DATA PROVIDED =>
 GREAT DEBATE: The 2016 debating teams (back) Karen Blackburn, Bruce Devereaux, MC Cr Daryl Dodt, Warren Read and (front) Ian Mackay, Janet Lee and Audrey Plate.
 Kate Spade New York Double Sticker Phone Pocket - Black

--

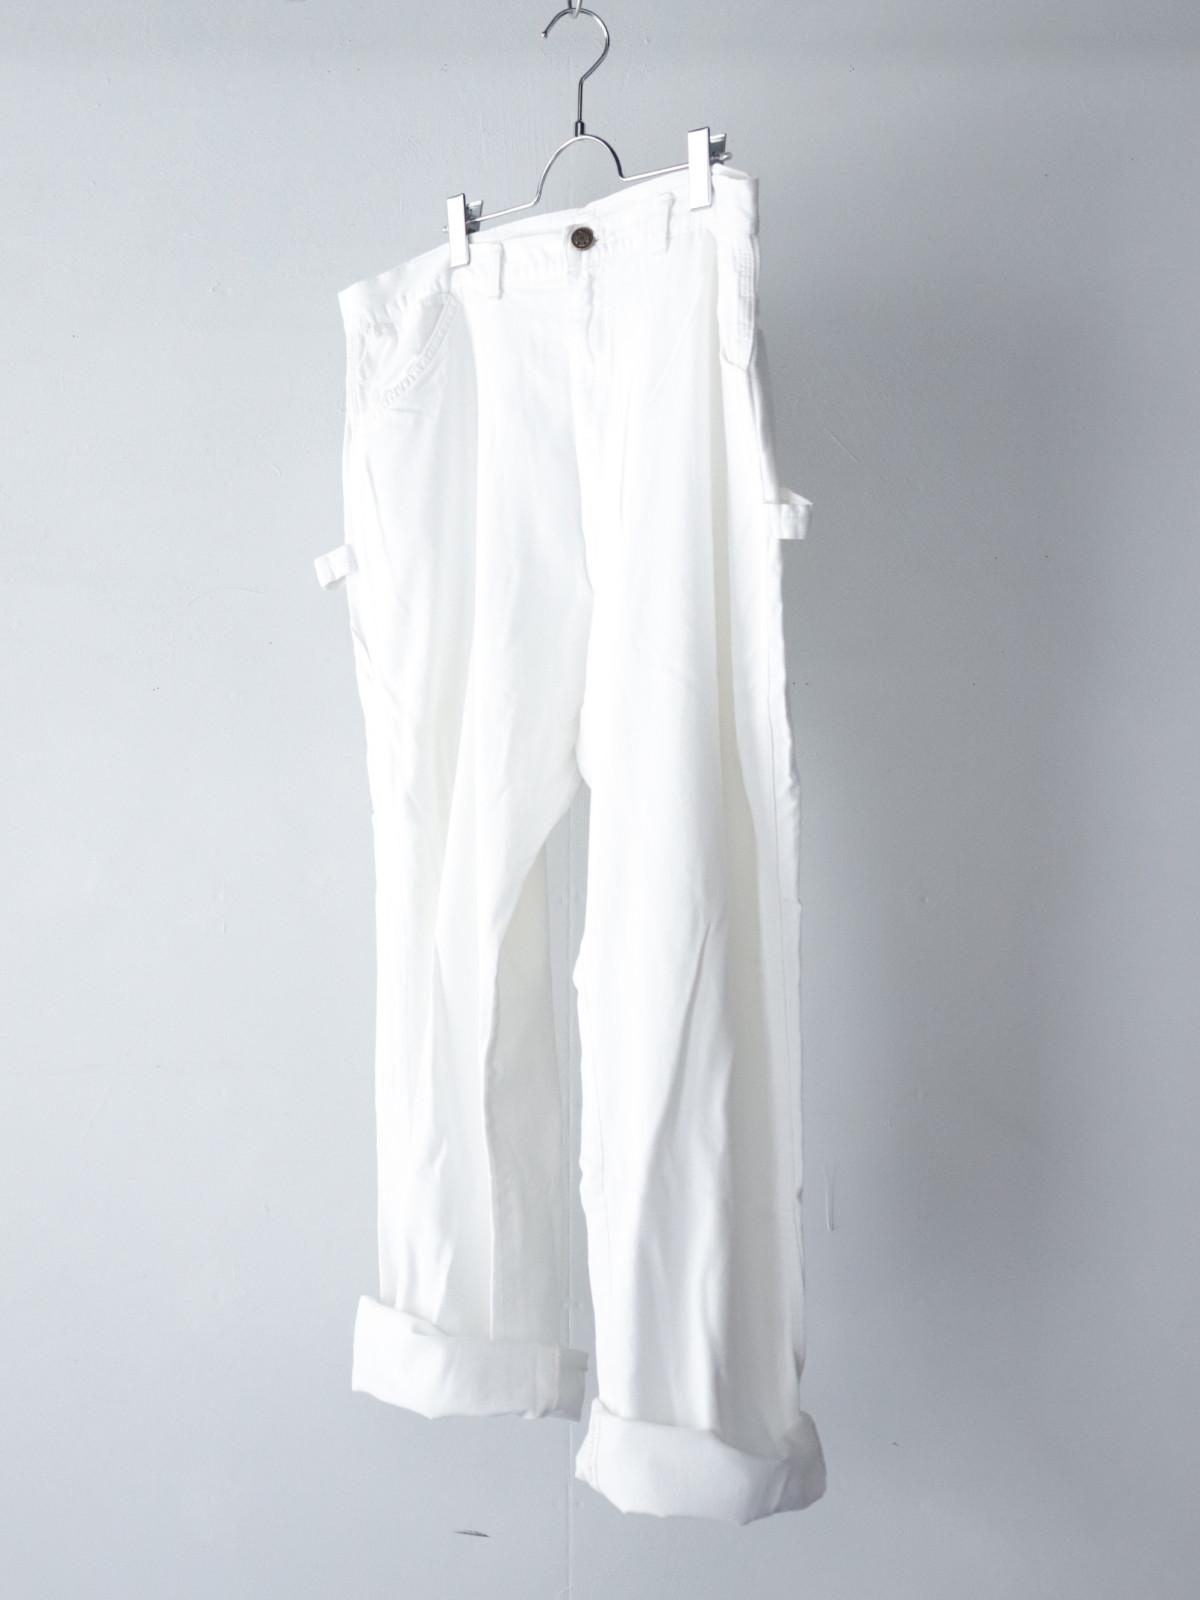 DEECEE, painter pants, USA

TASK GOAL => Transcribe the records above from the line holding "GREAT DEBATE: The" down to the line holding "Kate Spade New", inclusive, without adding anything.

OUTPUT OF THE EXERCISE =>
 GREAT DEBATE: The 2016 debating teams (back) Karen Blackburn, Bruce Devereaux, MC Cr Daryl Dodt, Warren Read and (front) Ian Mackay, Janet Lee and Audrey Plate.
 Kate Spade New York Double Sticker Phone Pocket - Black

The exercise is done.